Start of RECORD EXTRACTS

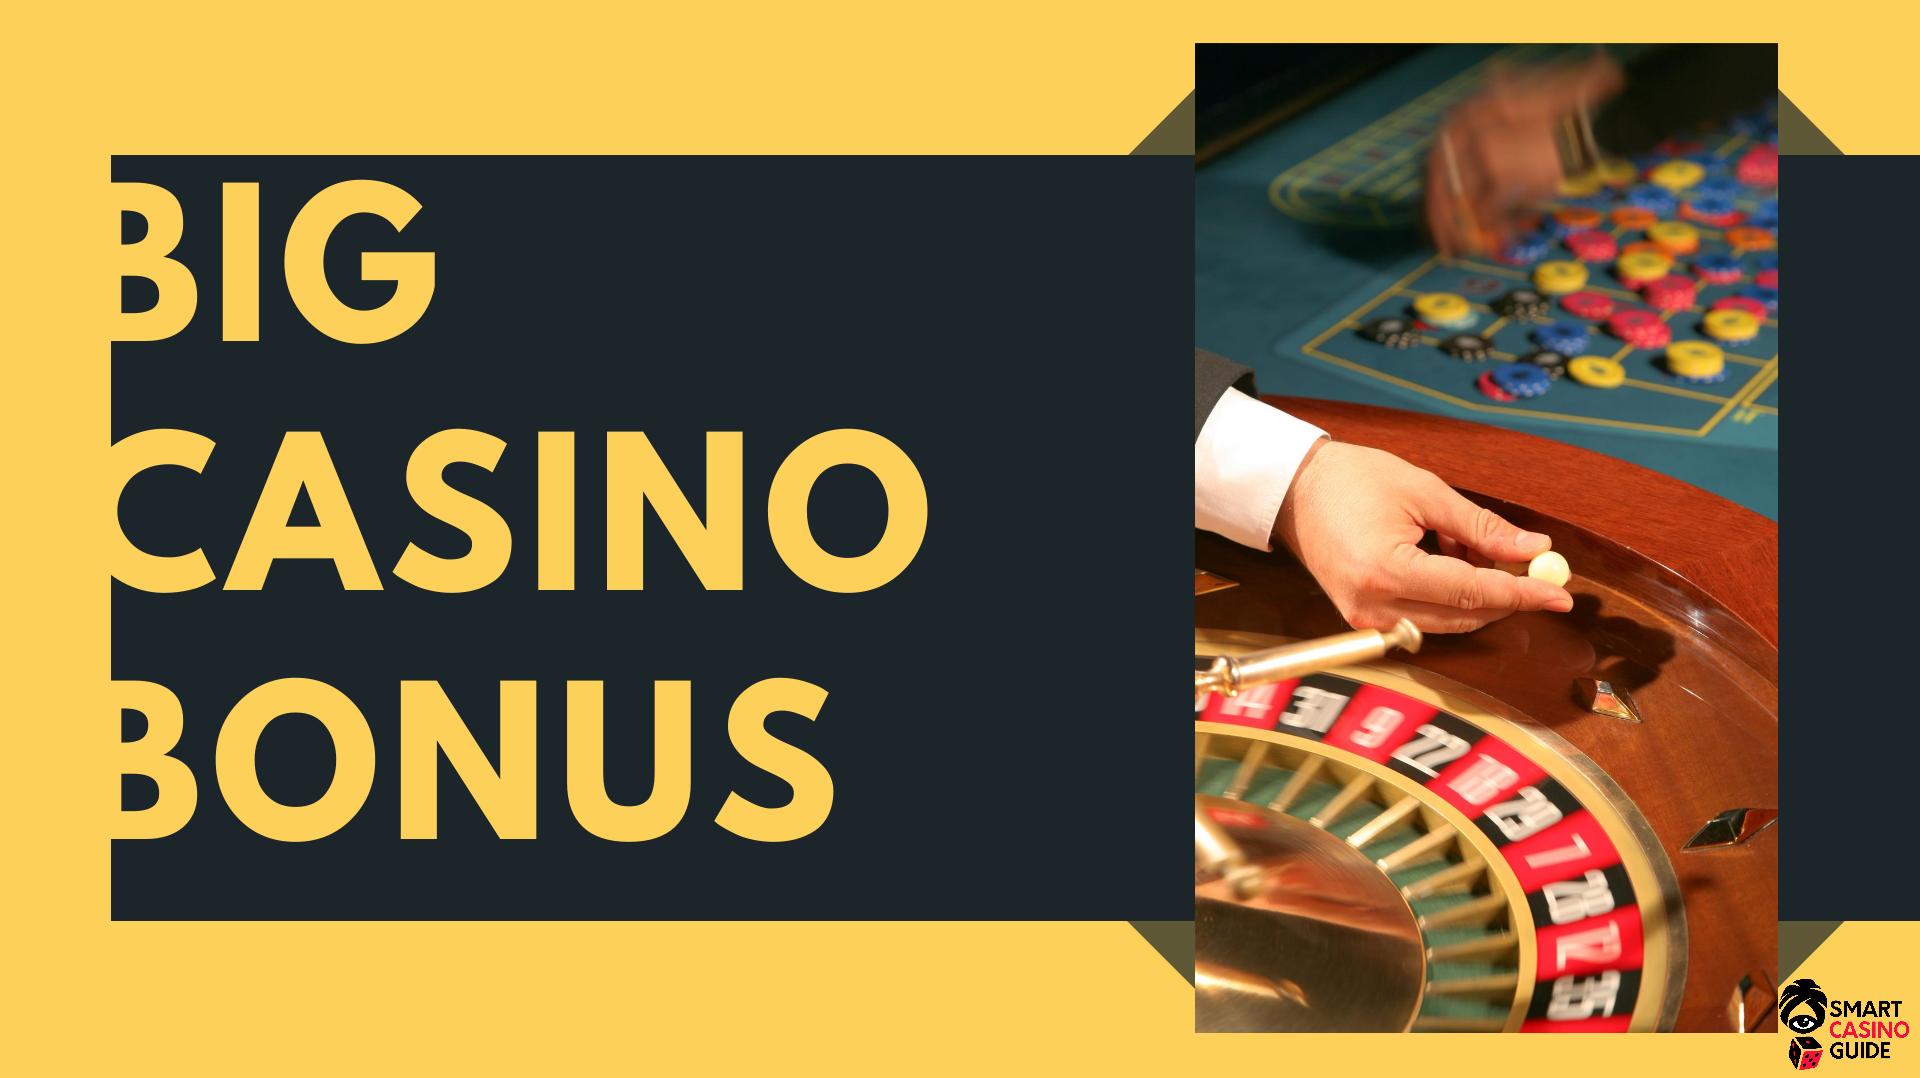 Top 10 ecopayz online casinos (2020) with top bonuses
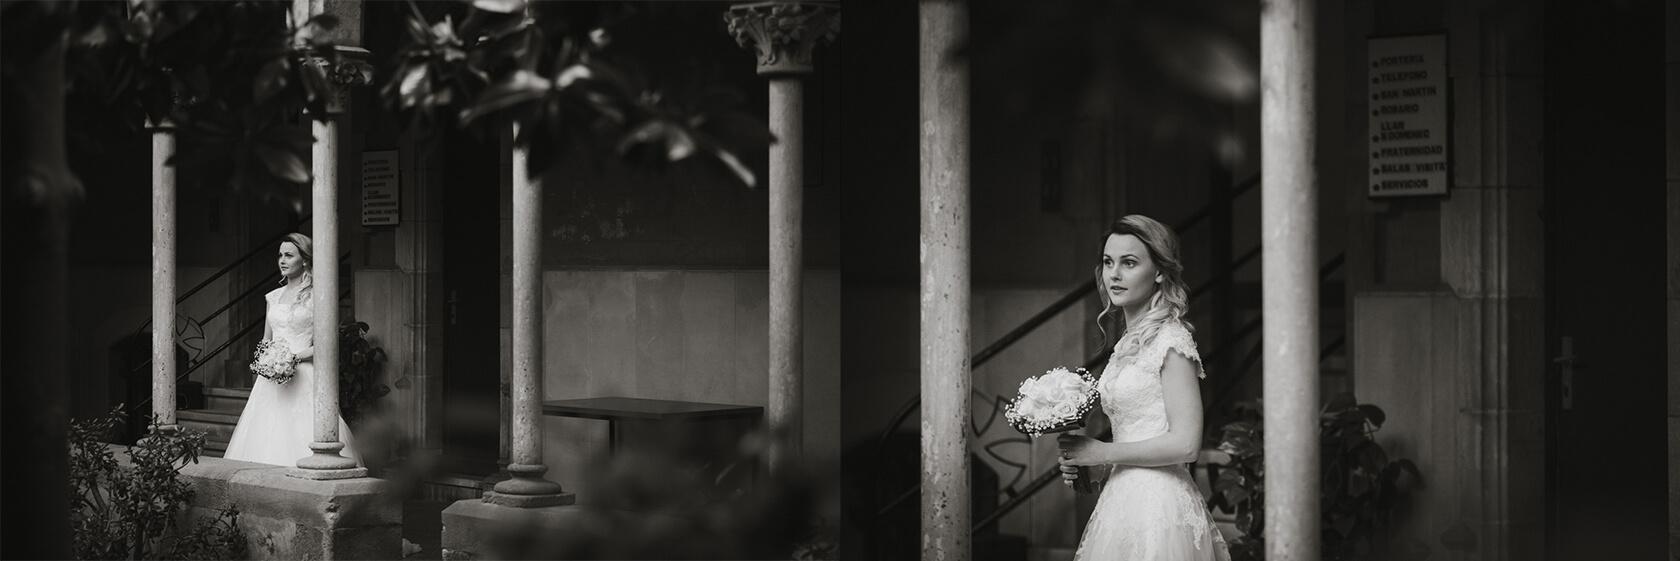 Barcelona-bryllup-fotograf
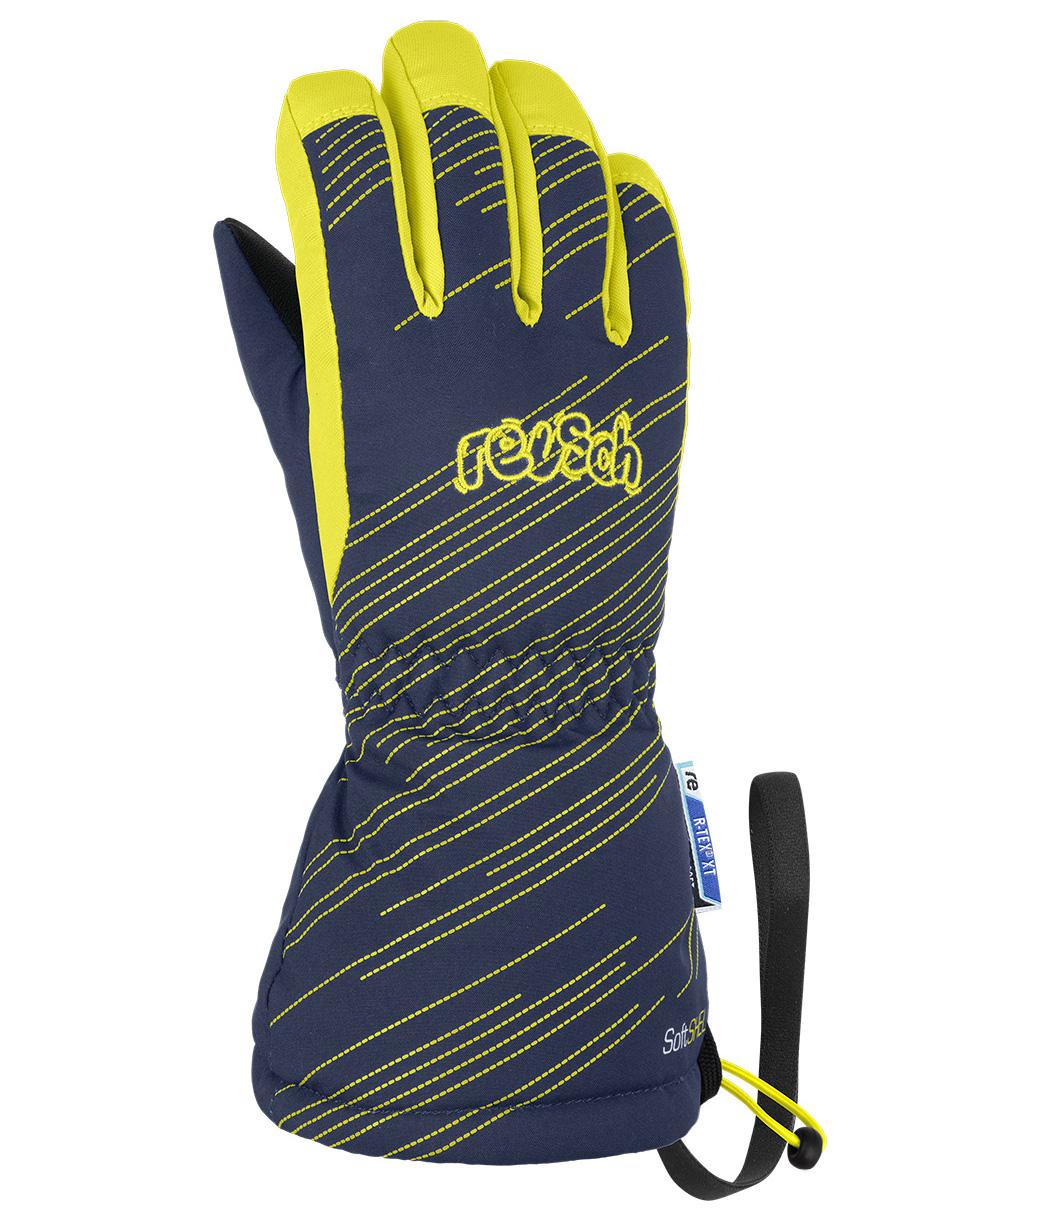 Перчатки Горнолыжные Reusch 2020-21 Maxi R-Tex Xt Dress Blue/Lime (Inch (Дюйм):Iv)
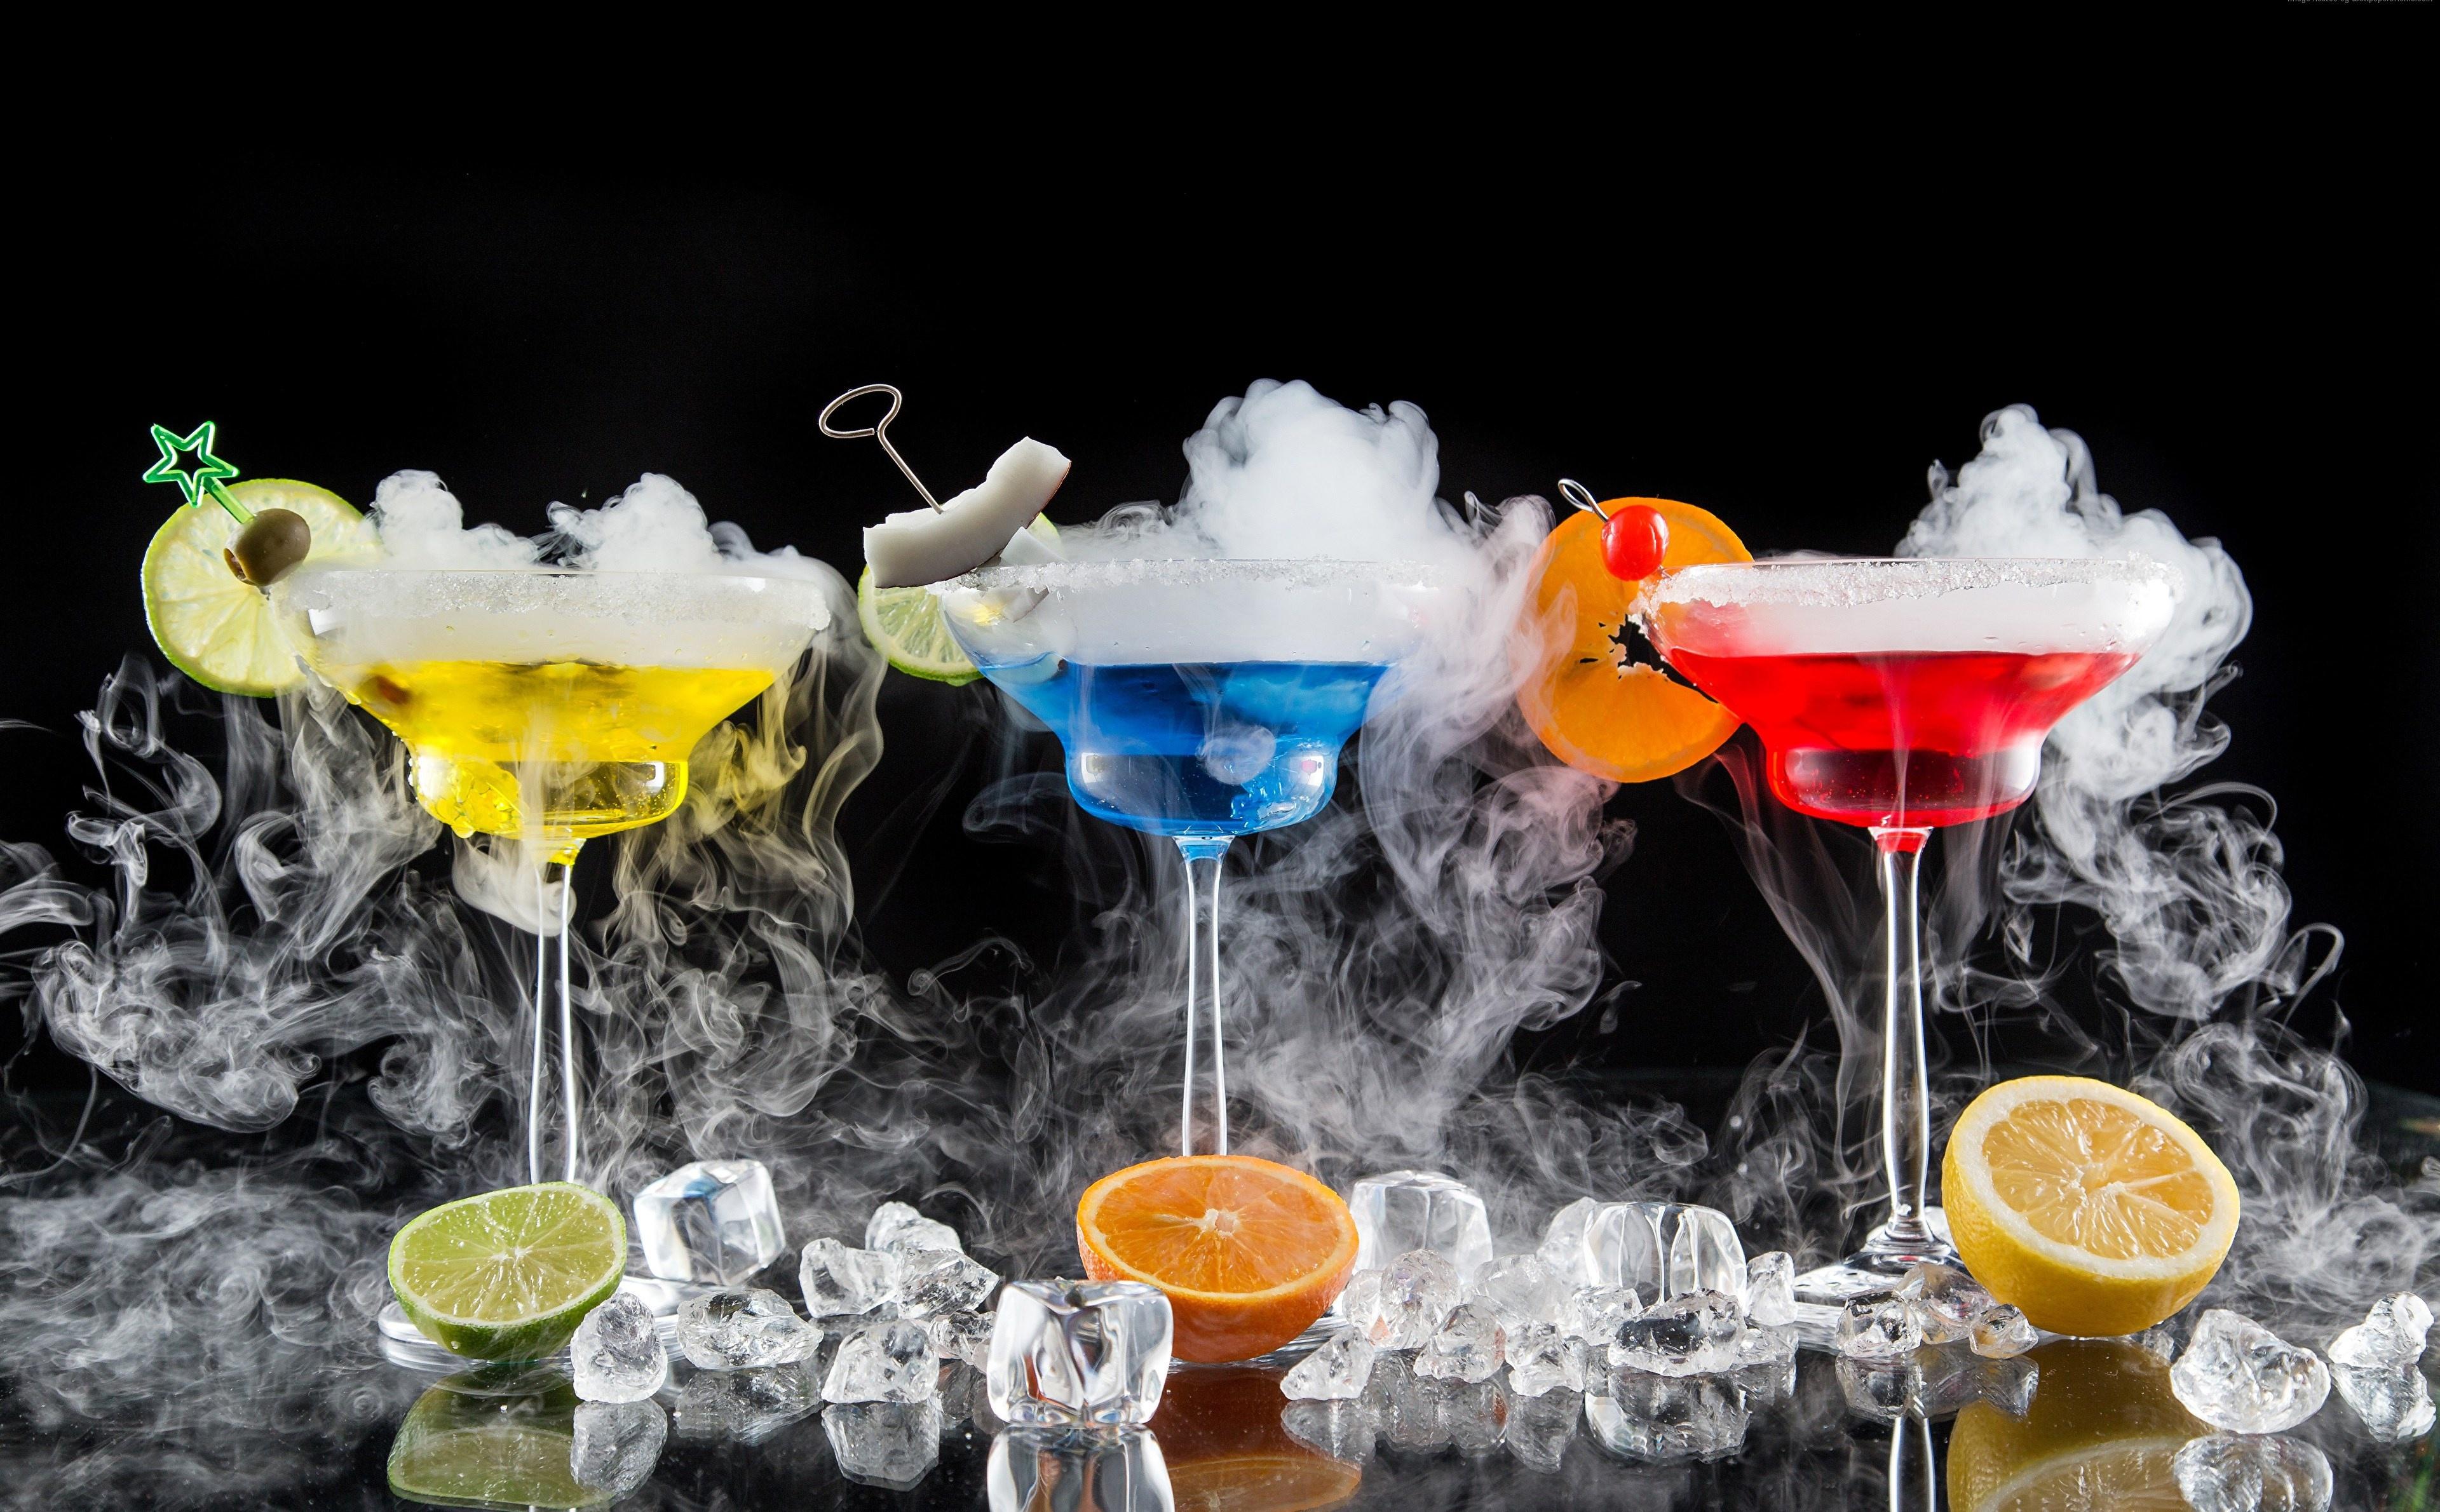 Cocktail 4k Ultra HD Wallpaper
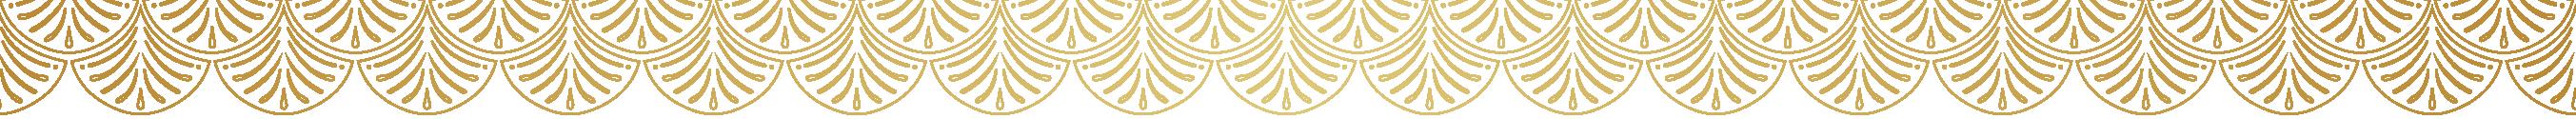 LandingPage_Scallop002_SmScale_Gold_Flip

End of RECORD EXTRACTS

- EXERCISE -
Pictures must be left out. Repeat exactly the lines from the one containing "Перчатки Горнолыжные Reusch" through the final line of the data.

- OUTPUT -
 Перчатки Горнолыжные Reusch 2020-21 Maxi R-Tex Xt Dress Blue/Lime (Inch (Дюйм):Iv)
 Cocktail 4k Ultra HD Wallpaper
 LandingPage_Scallop002_SmScale_Gold_Flip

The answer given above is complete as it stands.